Lots of style comments. Please checkout: https://cwiki.apache.org/confluence/display/SPARK/Spark+Code+Style+Guide

Also, while this seems better it does seem like it could have a non-trivial performance penalty. Maybe we should have a config flag to turn it off?

SparkQA · 2015-03-18T10:39:04Z

Test build #28791 has finished for PR 5059 at commit 47e0023.

This patch fails Scala style tests.
This patch merges cleanly.
This patch adds no public classes.

SparkQA · 2015-03-18T11:44:08Z

Test build #28795 has finished for PR 5059 at commit f23133f.
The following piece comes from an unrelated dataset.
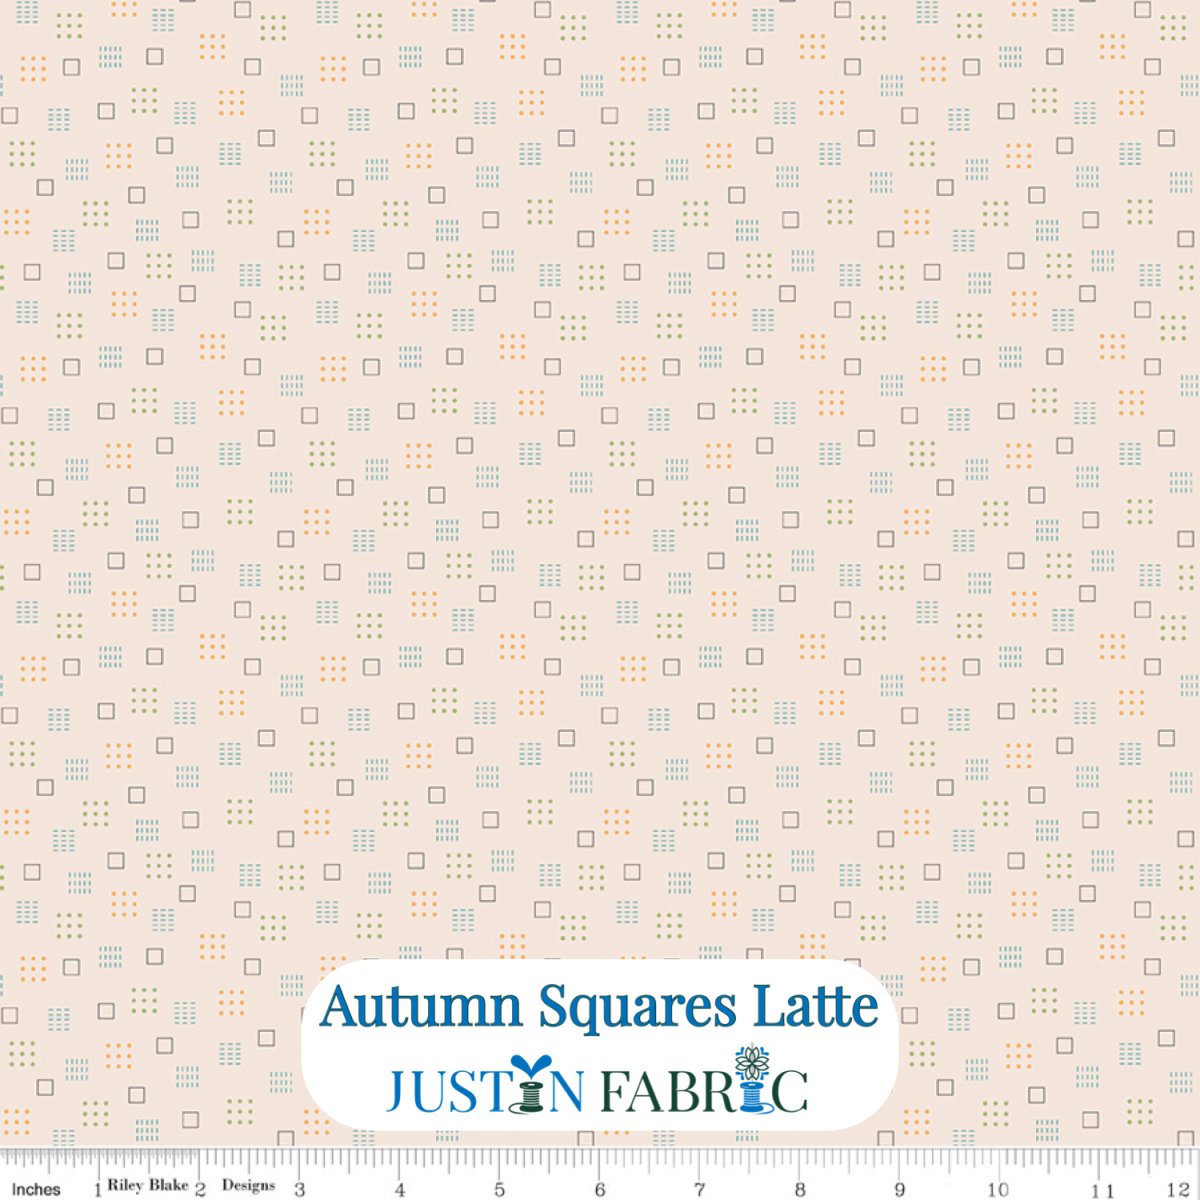 Autumn Squares Background Latte Cotton Yardage by Lori Holt | Riley Blake Designs -C14653-LATTE - Justin Fabric!

This patch fails Scala style tests.
This patch merges cleanly.
This patch adds no public classes.

lazyman500 · 2015-03-18T12:21:40Z

Thanks for your review.
I have added config flag. But how can users know this config? Do I need to add some documents ? @marmbrus

SparkQA · 2015-03-18T13:16:58Z

Test build #28796 has finished for PR 5059 at commit e1d6386.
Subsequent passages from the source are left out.